WHEREAS, the respective Boards of Directors of Parent, Sub and the Company have approved, and deem it to be advisable and in the best interests of their respective stockholders to consummate, the acquisition of the Company by Parent on the terms and subject to the conditions set forth in this Agreement;
WHEREAS, in furtherance of such acquisition, Parent proposes to cause Sub to make a tender offer (as it may be amended from time to time as permitted under this Agreement, the "OFFER") to purchase all of the issued and outstanding shares of Company Common Stock (as defined herein) for U.S. $30.50 per share of Company Common Stock (the "Offer Price"), net to the seller in cash upon the terms and subject to the conditions set forth in this Agreement;
WHEREAS, the respective Boards of Directors of Sub and the Company have each approved the merger (the "MERGER") of Sub into the Company on the terms and subject to the conditions set forth in this Agreement, whereby each issued share of Company Common Stock, other than shares directly or indirectly owned by Parent or the Company and Dissenters' Shares (as hereinafter defined), will be converted into the right to receive an amount in cash equal to the Offer Price;
WHEREAS, the Company Board (as defined herein) has determined that the consideration to be paid for each share of Company Common Stock in the Offer and the Merger is fair to the holders of such shares of Company Common Stock and has resolved to recommend that the holders of such shares of Company Common Stock accept the Offer and approve and adopt this Agreement and each of the Transactions (as defined herein) upon the terms and subject to the conditions set forth herein;
WHEREAS, Parent, Sub and the Company desire to make certain representations, warranties, covenants and agreements in connection with the Offer and the Merger and also to prescribe various conditions to the Offer and the Merger; and
WHEREAS, as a condition and inducement to Parent's and Sub's entering into this Agreement and incurring the obligations set forth herein, the Major Stockholder (as defined herein) concurrently herewith, is entering into a Stockholder Agreement (as defined herein), dated as of the date hereof, with Parent and Sub, pursuant to which such Major Stockholder is agreeing, among other things, to tender the shares of Company Common Stock held by it in the Offer and to grant Parent a proxy with respect to the voting of such shares of Company Common Stock, upon the terms and subject to the conditions set forth in the Stockholder Agreement, and in order to induce Parent and Sub to enter into this Agreement, the Company Board has approved the execution and delivery of the Stockholder Agreement and the transactions contemplated therein.

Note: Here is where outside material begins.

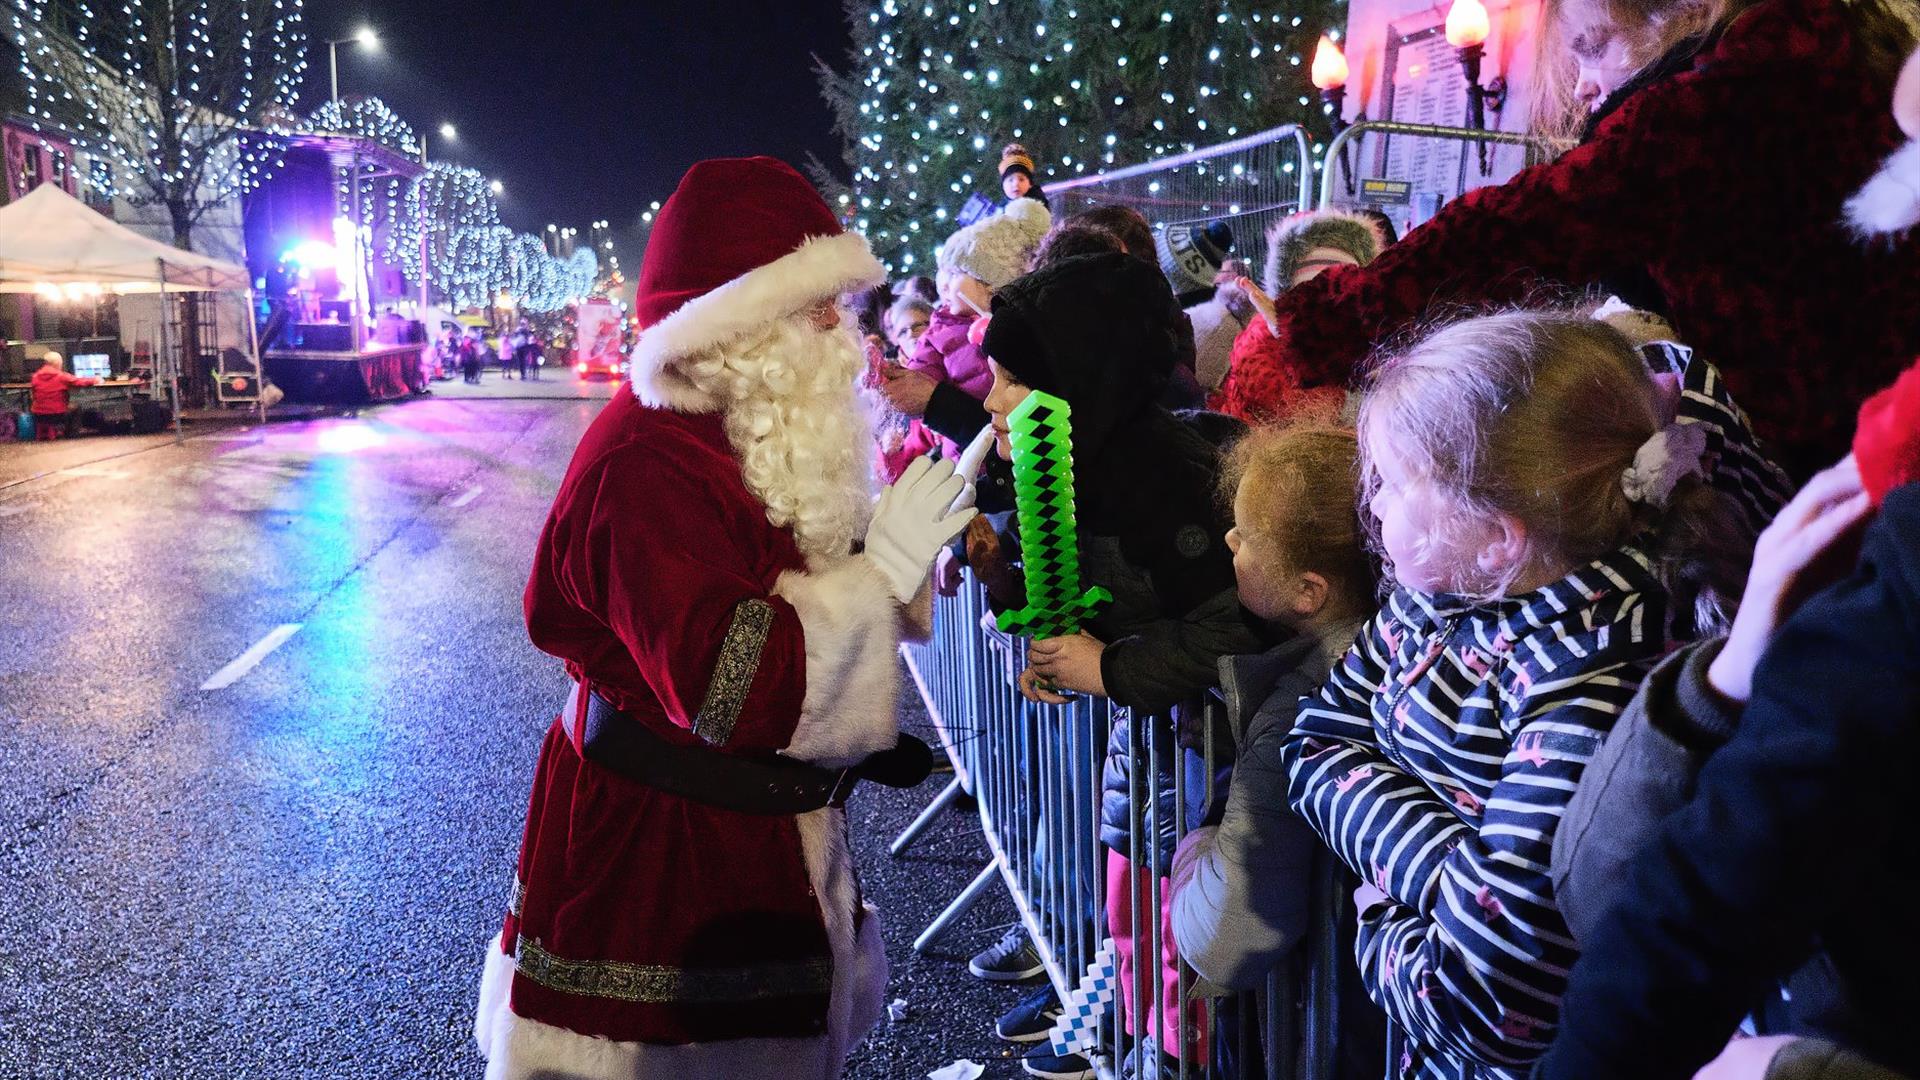 Santa greets a large crowd on the main street of Cookstown

NOW, THEREFORE, the parties hereto agree as follows:
ARTICLE I
DEFINITIONS
SECTION 1.01 DEFINITIONS. As used in this Agreement, the following terms shall have the following meanings:
"ACTIVITIES TO DATE" has the meaning set forth in SECTION 4.17(a).
"AFFILIATE" means, for any Person, another Person that directly or indirectly, through one or more intermediaries, controls, is controlled by, or is under common control with, such first Person, where "control" means the possession, directly or indirectly, of the power to direct or cause the direction of the management policies of a Person, whether through the ownership of voting securities, by contract, as trustee or executor, or otherwise.
"AGREEMENT" has the meaning set forth in the heading hereof.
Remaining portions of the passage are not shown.